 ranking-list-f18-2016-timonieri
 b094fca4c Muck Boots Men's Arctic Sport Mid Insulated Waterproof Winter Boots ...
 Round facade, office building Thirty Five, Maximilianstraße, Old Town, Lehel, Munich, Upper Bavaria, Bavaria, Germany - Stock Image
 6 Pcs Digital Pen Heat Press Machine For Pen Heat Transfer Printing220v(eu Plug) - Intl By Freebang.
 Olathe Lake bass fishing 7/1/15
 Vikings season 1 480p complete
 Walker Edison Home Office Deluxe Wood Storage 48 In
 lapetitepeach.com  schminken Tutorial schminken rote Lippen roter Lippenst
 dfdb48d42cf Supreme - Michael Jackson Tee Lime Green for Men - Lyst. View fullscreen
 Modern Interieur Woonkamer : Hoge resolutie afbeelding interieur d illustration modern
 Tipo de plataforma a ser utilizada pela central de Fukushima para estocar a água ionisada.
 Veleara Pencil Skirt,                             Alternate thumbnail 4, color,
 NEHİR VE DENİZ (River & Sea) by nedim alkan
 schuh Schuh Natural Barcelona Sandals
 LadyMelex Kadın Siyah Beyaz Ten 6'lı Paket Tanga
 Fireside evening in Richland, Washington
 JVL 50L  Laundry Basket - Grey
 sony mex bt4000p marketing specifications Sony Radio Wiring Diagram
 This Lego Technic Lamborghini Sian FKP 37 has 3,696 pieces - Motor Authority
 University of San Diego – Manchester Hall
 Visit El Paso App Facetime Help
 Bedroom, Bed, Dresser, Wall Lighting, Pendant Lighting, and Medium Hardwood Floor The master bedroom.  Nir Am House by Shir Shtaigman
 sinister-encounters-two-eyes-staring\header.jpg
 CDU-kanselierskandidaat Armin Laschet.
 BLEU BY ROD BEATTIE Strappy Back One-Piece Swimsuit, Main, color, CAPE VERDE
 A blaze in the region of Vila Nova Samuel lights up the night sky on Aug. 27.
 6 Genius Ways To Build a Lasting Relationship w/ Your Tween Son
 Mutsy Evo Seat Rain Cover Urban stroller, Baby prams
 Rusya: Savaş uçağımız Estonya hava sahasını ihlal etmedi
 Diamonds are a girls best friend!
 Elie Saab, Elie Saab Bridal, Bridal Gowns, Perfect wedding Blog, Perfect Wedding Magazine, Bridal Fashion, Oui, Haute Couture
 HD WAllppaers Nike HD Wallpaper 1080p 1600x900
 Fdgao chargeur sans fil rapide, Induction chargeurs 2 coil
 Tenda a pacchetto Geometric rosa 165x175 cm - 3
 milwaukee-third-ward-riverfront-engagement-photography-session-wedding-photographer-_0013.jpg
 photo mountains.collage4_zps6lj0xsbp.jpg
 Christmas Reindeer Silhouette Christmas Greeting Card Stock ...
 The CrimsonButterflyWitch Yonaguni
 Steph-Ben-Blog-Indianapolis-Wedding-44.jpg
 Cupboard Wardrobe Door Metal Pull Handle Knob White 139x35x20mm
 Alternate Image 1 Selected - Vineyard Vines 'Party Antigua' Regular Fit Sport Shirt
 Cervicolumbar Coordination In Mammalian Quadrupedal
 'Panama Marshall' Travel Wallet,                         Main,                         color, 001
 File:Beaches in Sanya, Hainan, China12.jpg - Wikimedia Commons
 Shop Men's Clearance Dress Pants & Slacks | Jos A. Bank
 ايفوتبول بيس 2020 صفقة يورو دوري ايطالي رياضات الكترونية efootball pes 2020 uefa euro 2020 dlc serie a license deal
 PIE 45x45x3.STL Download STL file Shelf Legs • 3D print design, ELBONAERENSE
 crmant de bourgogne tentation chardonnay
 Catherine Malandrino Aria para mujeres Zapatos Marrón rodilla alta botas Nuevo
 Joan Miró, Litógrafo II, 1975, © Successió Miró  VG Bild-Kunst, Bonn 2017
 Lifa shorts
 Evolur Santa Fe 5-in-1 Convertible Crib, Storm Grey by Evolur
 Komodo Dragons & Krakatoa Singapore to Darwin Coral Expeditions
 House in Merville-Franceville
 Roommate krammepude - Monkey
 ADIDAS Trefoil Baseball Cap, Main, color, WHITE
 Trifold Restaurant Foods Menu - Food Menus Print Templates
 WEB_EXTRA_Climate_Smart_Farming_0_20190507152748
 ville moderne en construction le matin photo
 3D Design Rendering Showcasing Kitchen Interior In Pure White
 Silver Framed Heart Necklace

• • •

WHAT IS NEEDED:
Copy out the line holding "Lifa shorts" along with all lines after it through the end of the entries, exactly and only these.

EXPECTED ANSWER:
 Lifa shorts
 Evolur Santa Fe 5-in-1 Convertible Crib, Storm Grey by Evolur
 Komodo Dragons & Krakatoa Singapore to Darwin Coral Expeditions
 House in Merville-Franceville
 Roommate krammepude - Monkey
 ADIDAS Trefoil Baseball Cap, Main, color, WHITE
 Trifold Restaurant Foods Menu - Food Menus Print Templates
 WEB_EXTRA_Climate_Smart_Farming_0_20190507152748
 ville moderne en construction le matin photo
 3D Design Rendering Showcasing Kitchen Interior In Pure White
 Silver Framed Heart Necklace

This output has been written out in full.